Men snored and the train rattled on in three / four time. It was curiously calming, this graceful mechanical waltz. Then a bell rang. Its peal was octaves higher than the clanking steel wheels, adding a counterpoint to the percussive sound of the train. Our corporal came walking down the aisle, shouting: ‘Everyone get ready!’
The train whistle blew, signalling the approach to the station and calling to mind the squeal of the train the night I had taken Dolferl back from Dr Udrzal. My mind wandered to the flat cars transporting the ominous grey artillery.
Now it was happening. Our destiny was unfolding.
‘Prepare to disembark!’ shouted the corporal as he rang the bell.
We looked at each other. Was this it? The front line?
‘We may have to change trains,’ said Frederick.
‘Maybe we can travel through as far as Paris,’ said Dolferl, as if en route to the Louvre rather than the battlefield that lay in wait for him. For us.
‘Perhaps we’ll end up in Bordeaux,’ said Frederick, always the gastronome, thinking of the region’s exquisite wines.

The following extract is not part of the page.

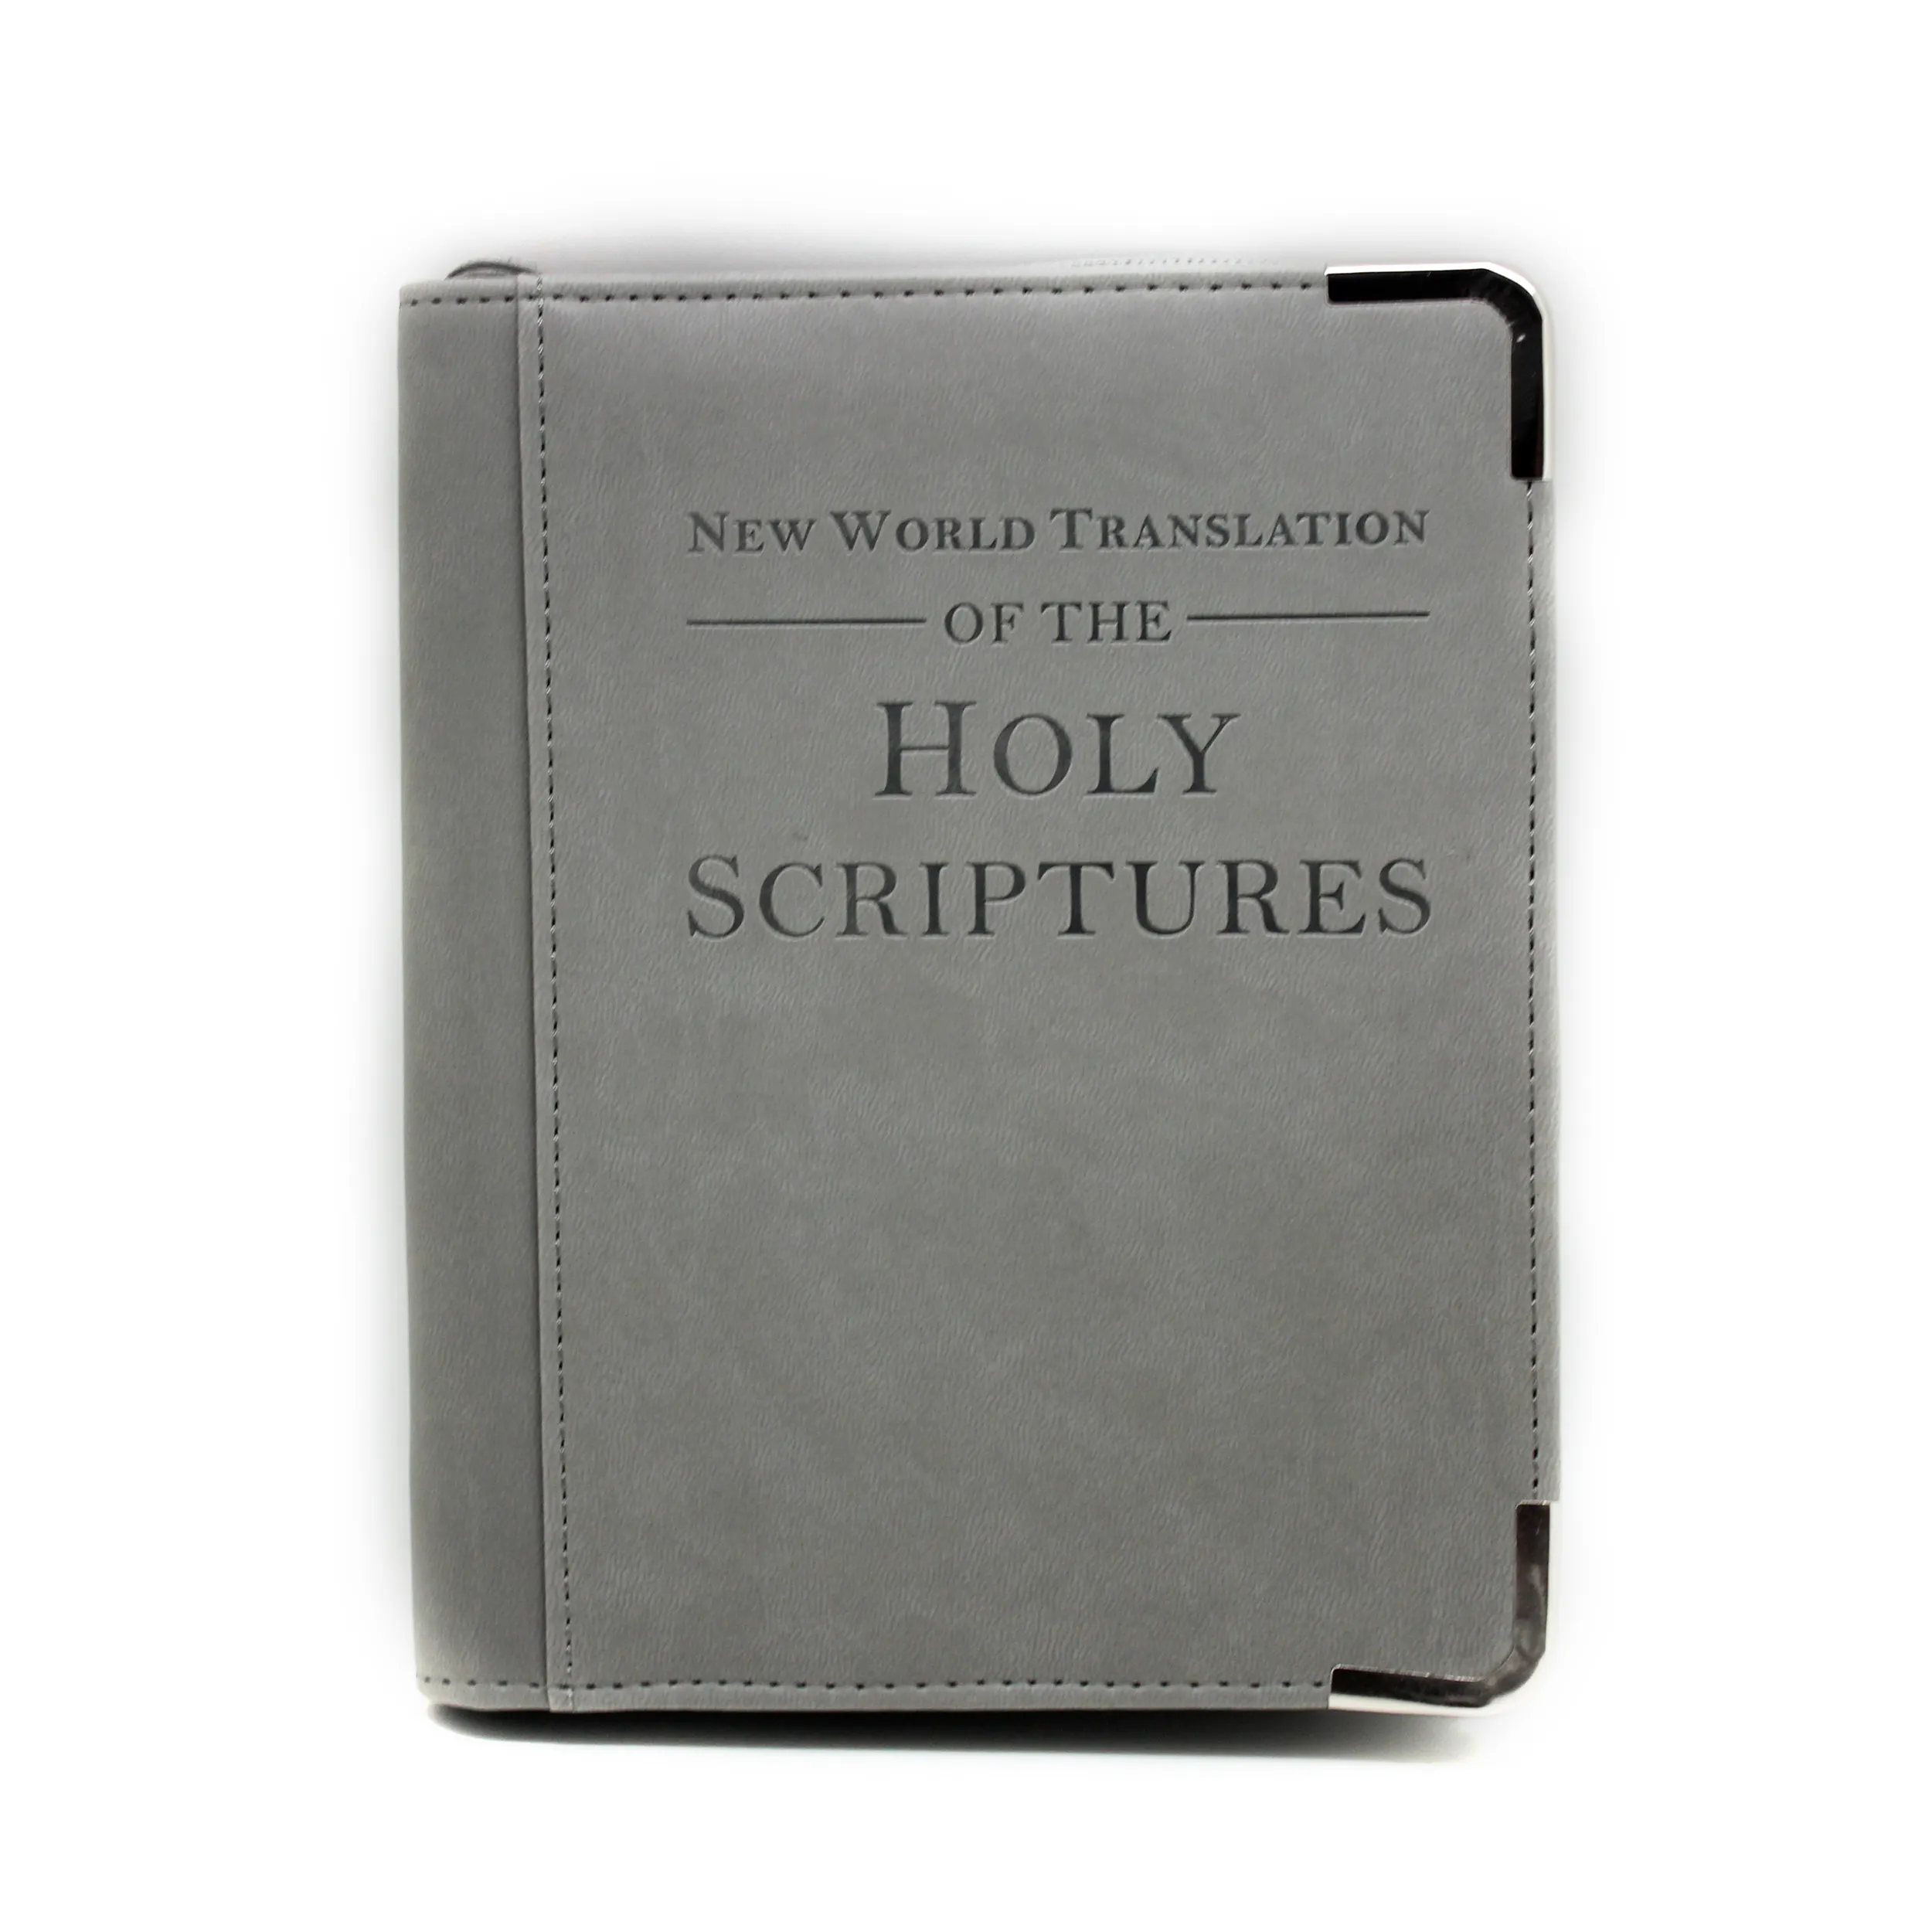 Boshiho Custom embossed leather Bible cover with zipper

The train’s whistle wailed again. As the brakes were applied, the carriages rattled and Frederick threw one arm around his photographic equipment while his other hand gripped the seat. My feet pressed against the floor as the train shuddered to a halt, finally snapping us all backwards with one immense jolt. Rucksacks skidded under the seats, and boxes fell from the overhead rack.
‘Everyone out on the double. Forward march!’ ordered the corporal. He swung the bell, ringing it loudly. The men gathered their belongings and filed groggily into the centre aisle of the carriage. The door flew open and night air seeped into the train, moist and with the coolness of morning. The soldiers stretched their arms, arched their backs and yawned. Frederick’s tripod rested on his shoulder alongside his rifle. His suitcase bumped against the seats as he made a staggering, erratic exit from the carriage.
‘I’m so sorry,’ he said to those behind, who were forced to stop and start continually as he struggled along. Eventually he navigated his way down the steps.
The soldiers piled out on to the platform, which was dimly lit by gas lanterns placed every few metres on its far side. In the midst of the soldiers hauling their belongings, Frederick remained oblivious to the commotion that surrounded him as corporals barked orders for the men to form orderly lines. Frederick heard none of that; instead, he stepped to the middle of the platform and positioned his tripod before quickly setting up his camera, pulling its front accordion section out. He was consumed with his mission: this was a moment not to be missed, creating a record of the soldiers’ first step into the war zone. Frederick poured powder into the flash’s horizontal groove. Then he stooped down under the black hood and looked through the lens. Shoot before you think. Camera verite. Soldiers shuffled back and forth in front of the door of the carriage. Dolferl and I had left the train and were standing in line further down the track. We turned and watched with incredulity at the gall of our friend. An unsuspecting private climbed down the steps and was greeted by the blinding explosion of light as the flash went off, casting a shadow from the girders above like the legs of an enormous spider. The disoriented man stumbled sideways, blinking as he tried desperately to regain his sight and overcome the shock.
‘Great! Great!’ shouted Frederick, congratulating himself on his first shot of the war. ‘The face of victory!’